As for the new safeguard of a hearing in the trial court, Justice Werdegar noted: "In suggestive Palma notice situations, the court of appeal, not the supposedly mistaken trial court, is the true decision maker. Consequently, the opportunity to be heard in the trial court may prove illusory. Rare ... is a trial court that would adhere to its initial ruling in the face of a court of appeal's written assessment that it was patently wrong." (Brown, 47 Cal. 4th at p. 1254.)

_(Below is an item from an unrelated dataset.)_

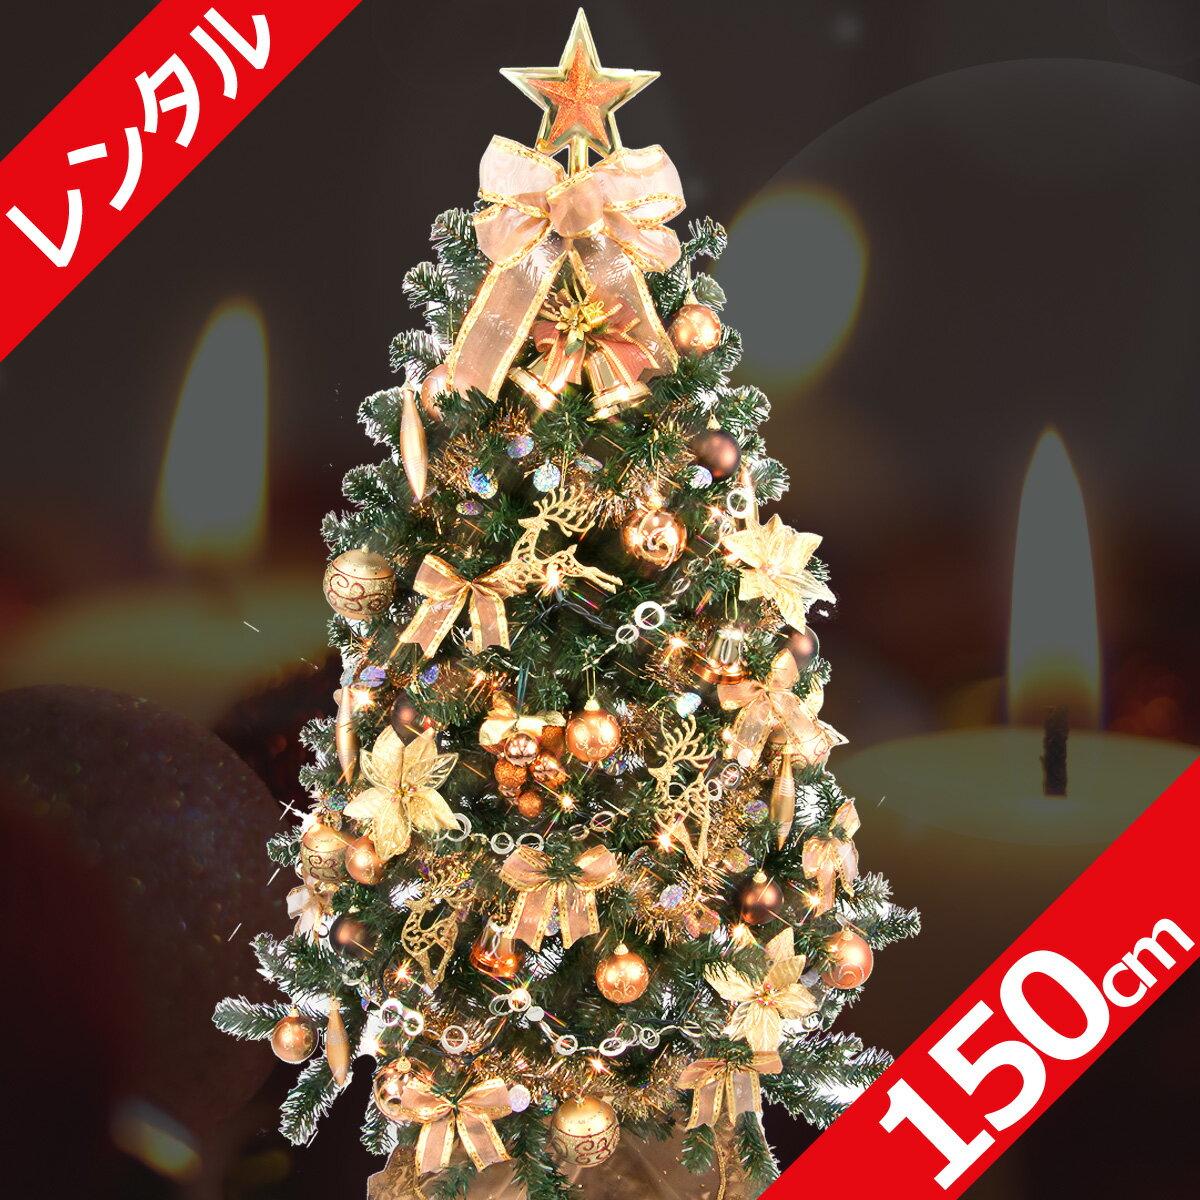 【レンタル】 クリスマスツリー セット 150cm ゴールド&コパー 【往復 送料無料】 クリスマスツリー レンタル fy16REN07
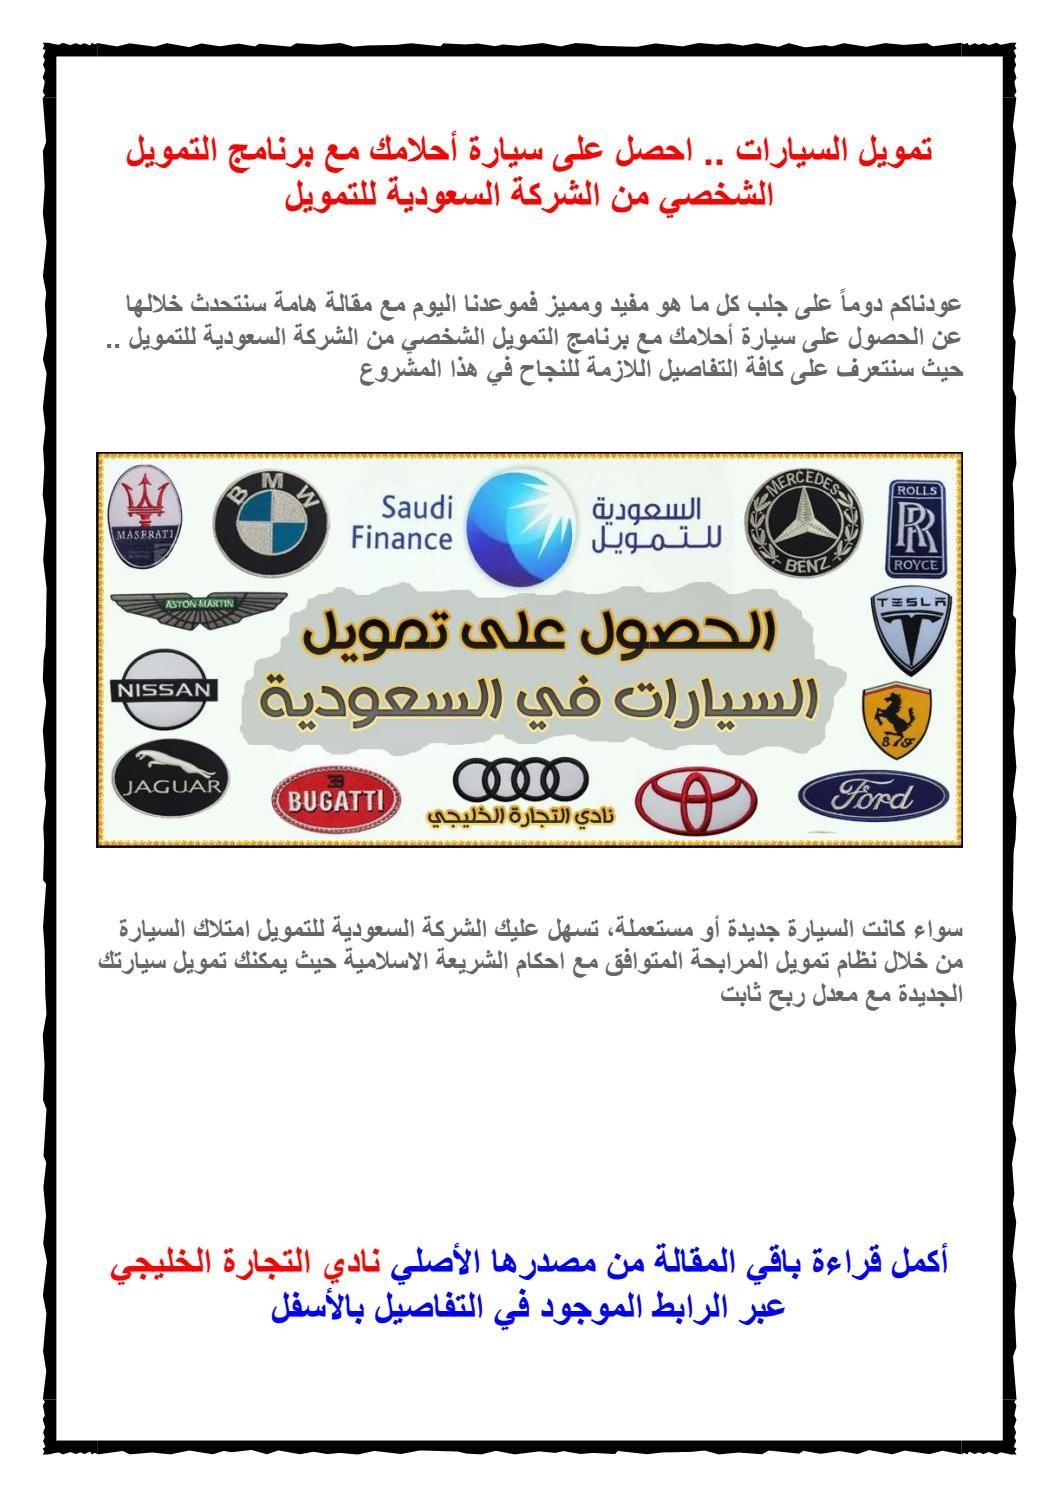 تمويل السيارات احصل على سيارة أحلامك مع برنامج التمويل الشخصي من الشركة السعودية للتمويل Microsoft Word Document Finance Words

Justice Werdegar may have the better of this argument. Judges and juries are admonished not to decide cases until they have heard the whole story. (See CACI No. 100 (2009) ("Do not form or express an opinion about this case while the trial is going on. You must not decide . . . until after you have heard all the evidence. ..."); and Webber v. Webber, 33 Cal. 2d 153, 158 (1948) ("A trial judge should not prejudge the issues but should keep an open mind until all of the evidence is presented. ...").) Consistent with this principle, court rulings - including tentative opinions - should be issued only after both sides have been heard.
The Brown decision alters the traditional process by permitting an appellate court to issue an opinion that effectively decides the case without hearing from both sides?in essence a prejudgment of the proceedings. Though the trial court is not bound to comply with a suggestive Palma notice and must now hold a hearing before it takes action, few trial courts will ignore the thrust of such a notice. Indeed, when they issue suggestive Palma notices, appellate justices are telling the trial court: "You are wrong. We've written this opinion explaining why you are wrong. And we are giving you an opportunity to correct your error." A suggestive Palma notice also sends an implicit, but unmistakable message: "If you don't correct your error, we will have to use more of our precious time to do it for you."
The Brown decision is now the law of California until either the state Supreme Court modifies the Palma procedure further or the Legislature intervenes. Some modification should be considered. The party opposing writ relief should have a chance to argue its case to the appellate court in the first instance - before that court issues any communication on the merits. After all, the opportunity to be heard, which is at the heart of due process, "is an opportunity which must be granted at a meaningful time and in a meaningful manner." (Armstrong v. Manzo, 380 U.S. 545, 552 (1965).) The most meaningful time to be heard is before, not after, a court has come to a determination on the merits.
David M. Axelrad is a partner at Horvitz & Levy in Encino, where he specializes in appellate litigation.